1 Dans un contexte de réformes dans l’enseignement supérieur et la recherche (ESR) et de discours sur l’évaluation et sur « l’excellence » académique, les classements académiques nationaux et internationaux se sont multipliés dans les années 2000. L’analyse de l’émergence et du traitement dans la presse française du classement dit « de Shanghai », premier classement international issu du champ académique, a permis d’objectiver les caractéristiques de sa diffusion et de sa mise en mots, de la date de sa publication en Chine en 2003 à septembre 2014. A partir de l’étude de son traitement dans la presse, la recherche menée en Sciences de l’information et de la communication a montré l’intensification du processus de médiatisation à partir de 2007 ainsi que la place de certains organes de presse et acteurs dans ce processus.

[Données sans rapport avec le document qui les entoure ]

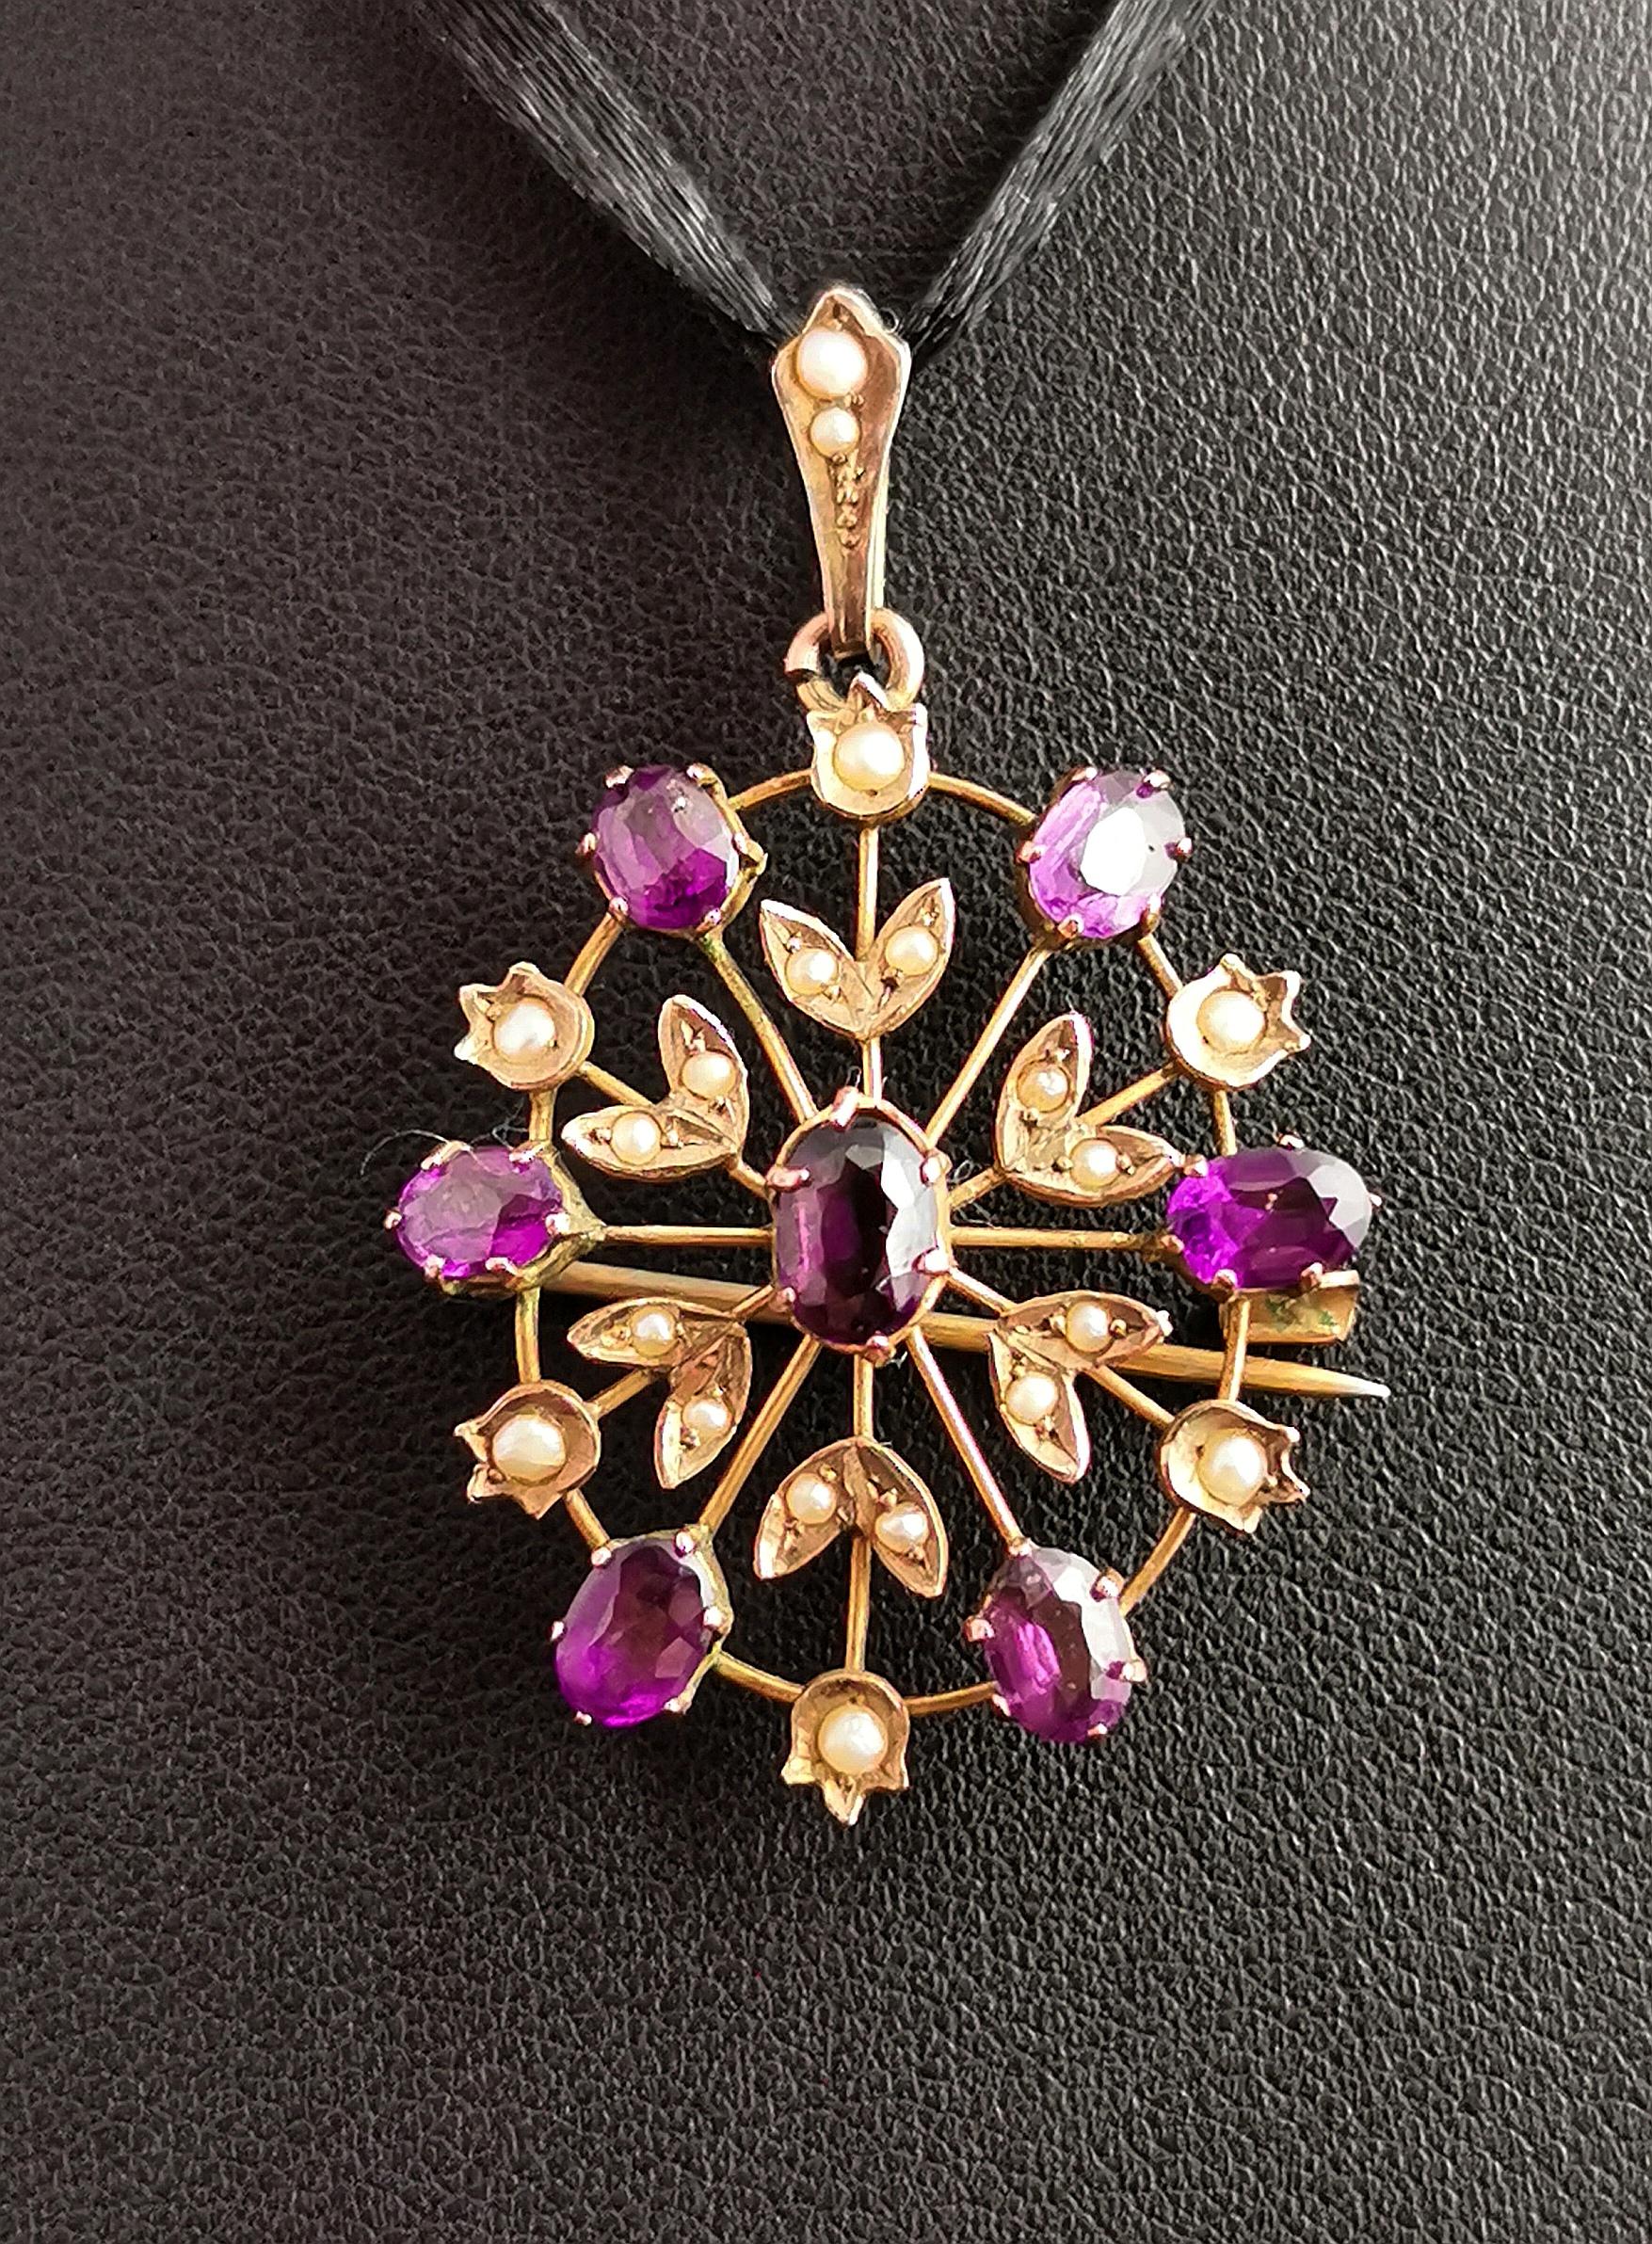 Antique Art Nouveau Amethyst and Pearl Pendant Brooch, Floral Starburst, 9k Gold 2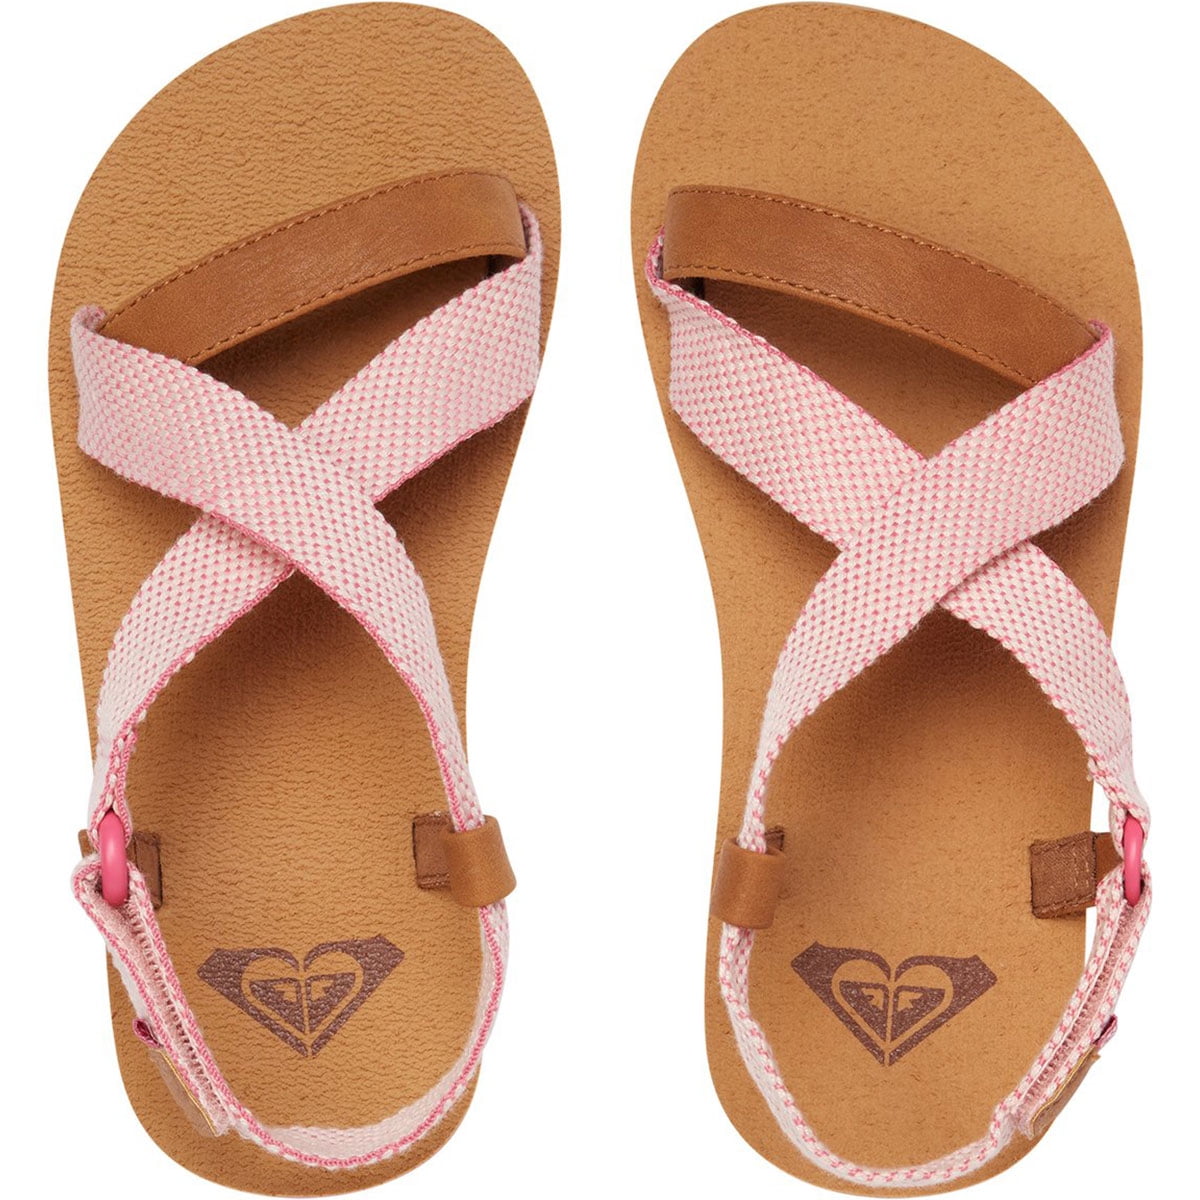 roxy girls sandals

L’analyse des discours de presse a mis au jour l’importance du cadrage dépréciatif pour « faire événement », c’est-à-dire produire une information qui fait l’actualité, conformément à des logiques de presse. Elle a également montré le poids des logiques sociales et des stratégies d’acteurs en discours, acteurs académiques et politiques qui se sont saisis du classement et dont les propos ont été relayés dans la presse, participant au processus de médiatisation et le co-construisant.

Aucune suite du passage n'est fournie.